McCain loyalists in New Hampshire cite other frustrations as well: the mainstream media, which seems to them terribly biased toward Obama; the impersonal nature of a general election campaign, which features none of the town hall meetings and personal contact that helped voters get to know McCain so well; the young people who appear to them to value talk more than action.

But they are a long way from giving up.

"Fighting to the end is the best thing," Peterson said.

They vow to outwork Obama supporters, even if they are outnumbered. Many refuse to believe the polls, particularly the ones in New Hampshire that show their candidate as many as 15 percentage points behind Obama. There is a reason, after all, they are called "McCainiacs."

"He's going to be so happy when he sees all of his hard work here paying off," said Patsy Petit, a 58-year-old Latin teacher, with a conspiratorial smile as she took a break at the campaign's state headquarters in Manchester the other night.

Petit has been a fan of McCain since the spring of 1999, when she happened on a town hall event in Bedford. She concluded that McCain was a "very caring, honest person" and that serving his country was his sole agenda. Petit worked tirelessly for his campaign that year, as she did last year, even when his campaign seemed all but lost. Believing in New Hampshire voters' special relationship with McCain when the chips are down seems only logical to her.

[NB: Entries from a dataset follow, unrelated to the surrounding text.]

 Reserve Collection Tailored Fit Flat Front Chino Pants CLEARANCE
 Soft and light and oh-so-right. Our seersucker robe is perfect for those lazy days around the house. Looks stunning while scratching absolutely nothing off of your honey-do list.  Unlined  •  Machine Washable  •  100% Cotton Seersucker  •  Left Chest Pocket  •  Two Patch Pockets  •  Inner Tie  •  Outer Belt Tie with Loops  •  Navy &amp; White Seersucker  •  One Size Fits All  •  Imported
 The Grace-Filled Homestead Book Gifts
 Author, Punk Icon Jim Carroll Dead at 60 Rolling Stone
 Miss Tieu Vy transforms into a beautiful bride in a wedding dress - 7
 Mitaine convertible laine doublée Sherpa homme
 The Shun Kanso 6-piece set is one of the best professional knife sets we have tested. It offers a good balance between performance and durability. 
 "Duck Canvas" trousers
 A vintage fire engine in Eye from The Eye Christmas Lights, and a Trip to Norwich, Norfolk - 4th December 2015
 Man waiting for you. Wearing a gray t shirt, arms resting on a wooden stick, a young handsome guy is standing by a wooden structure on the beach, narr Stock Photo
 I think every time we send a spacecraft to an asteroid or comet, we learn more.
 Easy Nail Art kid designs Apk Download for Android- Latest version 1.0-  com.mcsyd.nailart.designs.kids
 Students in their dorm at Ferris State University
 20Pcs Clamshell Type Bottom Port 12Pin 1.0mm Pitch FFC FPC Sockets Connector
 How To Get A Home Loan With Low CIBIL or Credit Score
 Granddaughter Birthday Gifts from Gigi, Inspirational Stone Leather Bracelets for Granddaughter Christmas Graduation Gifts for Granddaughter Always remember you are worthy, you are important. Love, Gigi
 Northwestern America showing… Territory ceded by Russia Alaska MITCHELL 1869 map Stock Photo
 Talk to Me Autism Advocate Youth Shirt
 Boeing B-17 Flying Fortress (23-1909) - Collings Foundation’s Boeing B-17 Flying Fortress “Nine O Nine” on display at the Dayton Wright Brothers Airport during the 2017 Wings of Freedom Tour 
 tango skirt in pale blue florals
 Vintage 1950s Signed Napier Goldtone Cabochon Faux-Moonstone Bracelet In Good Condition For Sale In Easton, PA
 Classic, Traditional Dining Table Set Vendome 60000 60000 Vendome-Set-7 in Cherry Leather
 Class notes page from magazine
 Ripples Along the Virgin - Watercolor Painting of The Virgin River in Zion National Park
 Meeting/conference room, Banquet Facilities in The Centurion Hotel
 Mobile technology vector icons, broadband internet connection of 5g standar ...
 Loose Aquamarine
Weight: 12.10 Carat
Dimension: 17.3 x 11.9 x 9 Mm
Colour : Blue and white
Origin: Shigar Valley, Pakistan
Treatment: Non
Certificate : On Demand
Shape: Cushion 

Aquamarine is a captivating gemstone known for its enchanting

"They're sensible," she said. "They've met him. They read. They don't go on gut reaction. That's New Hampshire. As far as the rest of the country . . ." She smiled, a little less certainly. "I hope they're thinking and reading too."

Around her, about a dozen other volunteers quietly went about their phone calls. The campaign's state headquarters, in a cavernous loft space in a renovated mill building, looked shipshape. At the entrance, a spare couch sat next to a row of flags. Even the candy was neatly contained in two large bowls.

But it lacked the happy buzz in the air at the Obama headquarters a few blocks away, where several dozen staff and volunteers chattered busily in a sprawling suite of offices that resembled messy dorm rooms. Homemade treats were piled on one table, while a cluster of middle-aged women painted signs around another. Someone had written "YAY!" in masking tape on the floor.

The McCainiacs are more dogged than joyful. Monday afternoon, Jim McConaha, cochairman of "Citizens for McCain" in the state, dropped campaign literature in Penacook, a village on the north side of Concord and home to many moderate Republicans, Reagan Democrats, and independents. Nobody was home, but McConaha checked off each house on his list, careful not to skip a single one.

"If signs mean anything, there's a real balance here," he said. A white clapboard house with black shutters had a McCain sign, as did a ranch-style house with a dozen or so antennas.

McConaha said he believes Obama is too inexperienced to be president.

He finds McCain's biography so inspirational that he just finished his ninth book about him. But he believes McCain's national campaign has gotten too mired in the details of his economic plan and has lost sight of the big themes, like service to country and his willingness to stand up to his own party, that distinguish him.

"I would like to see a broader vision for the country," McConaha said. "It takes courage to be a reformer; McCain's got it and he needs to talk about it more."

Leaning back from his kitchen table, Grimm could give no simple prescription for victory. He is continuing to give out yard signs, staying in touch with his veterans network, and hoping for the best - hoping that New Hampshire, and the rest of the country, sees the McCain that New Hampshire once did.